Q 4. What is Effective Date?
Ans. Effective Date means the date when the amalgamation/merger is completed in all respects and the order has been filed with the Registrar of Companies.
Q 5. How Does the ROC determine the exact date of a company becoming a wholly owned subsidiary of another company?
Ans.A company can become a Wholly owned subsidiary through allotment of shares or through transfer of shares.
Q 6.What proofs need to be submitted to prove the holding and Wholly owned subsidiary relationship?
Ans.Filing of Forms MGT-4, MGT-5 and MGT-6.
Q 7. Can General Meeting of Members or Creditors be waive?
Ans. No waiver for conducting a general meeting for approval of the scheme of amalgamation
Q 8.Is there scope for amalgamating more than 2 companies in one scheme?
Ans.No scope for amalgamating more than 2 companies in 1 scheme.
Q 9. Whether Listed Companies can also opt for the Fast Track Merger?
Ans. Yes, Listed Companies that fulfils the criteria as mentioned in section 233(1) can also opt for Fast track mode.
Q 10. Can Class of Companies eligible to opt for Fast track merger, adopt traditional merger route for approval of merger?
Ans.Yes class of companies eligible to opt for Fast track merger may at its own discretion opt for traditional merger route as per provisions of section 233(14) of the Act and Rule 25(8) of Companies Rule.
Q 11. Can the appointed date of the scheme be changed after filing of CAA 11?
Ans. It may be changed through an affidavit from the directors of the Company, if allowed by the RD.
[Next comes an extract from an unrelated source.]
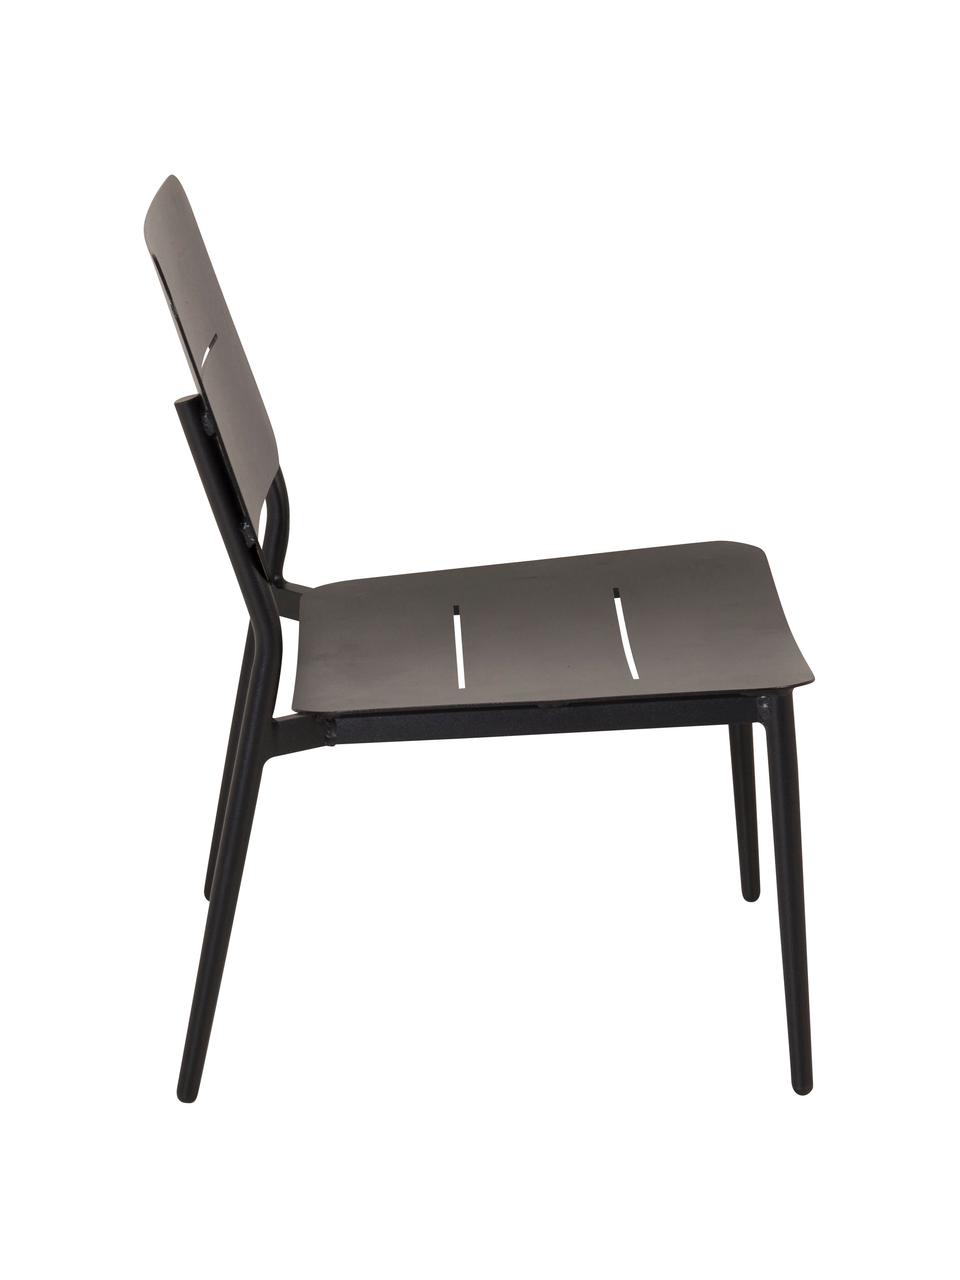 Fotel wypoczynkowy Lina, Metal lakierowany, Czarny, S 55 x G 59 cm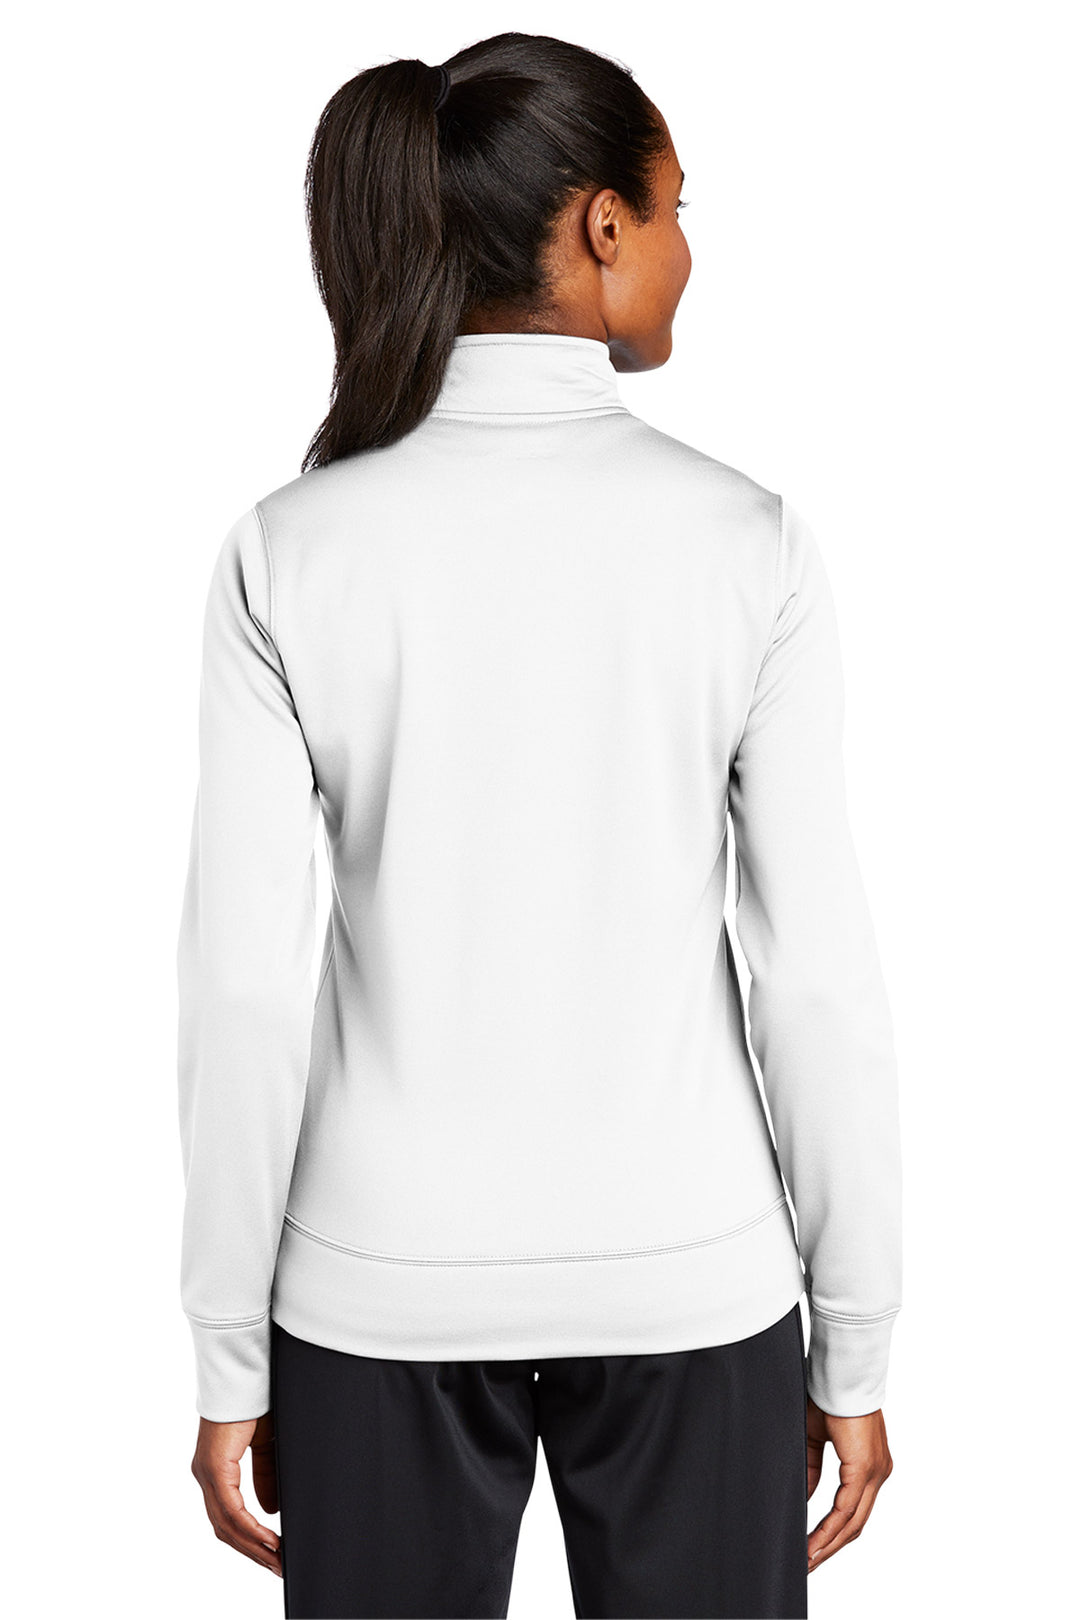 Ladies Sport-Wick Fleece Full-Zip Jacket

Q 12. Can Regional Director suggest changes in the scheme of merger?
Ans. RD cannot suggest changes in the scheme, this can be done by ROC and OL alone.
The wording used in the rules say “Confirmation Order”
If the shareholders, creditors, ROC, OL do not have any objection to the scheme, then the RD has to simply “Confirm” the scheme.
Q 13. How the documents and Forms to be provided to the Official Liquidator?
Ans.Documents and Forms to be provided to Official Liquidator to through hand delivery or by post.
Q 14. Is there any scope for Demerger?
Ans.Section 233 of the Companies Act, 2013 uses the words notwithstanding anything contained in Section 230 and 232 of Companies Act, 2013.
Section 233 (12) gives a reference of the section being applicable to in respect of a scheme of compromise and arrangement or division or transfer of a company.
Q 15. Is Stamp Duty applicable on Fast Track Merger?
Ans.Stamp Duty is a state subject and its applicability is determined on two grounds
(a) State where Registered office of the company is situated
(b) Status of properties being transferred under the scheme.
Further it is only where property is involved and when Transferee intends to transfer the same in its name comes the question of registration and therefore, payment of duty rises at that stage. In Case where a property may not be situated in the state of passing of order on merger, the stamp schedule of relevant State has to be seen if duty is applicable on immovable property registration in that state where property is located.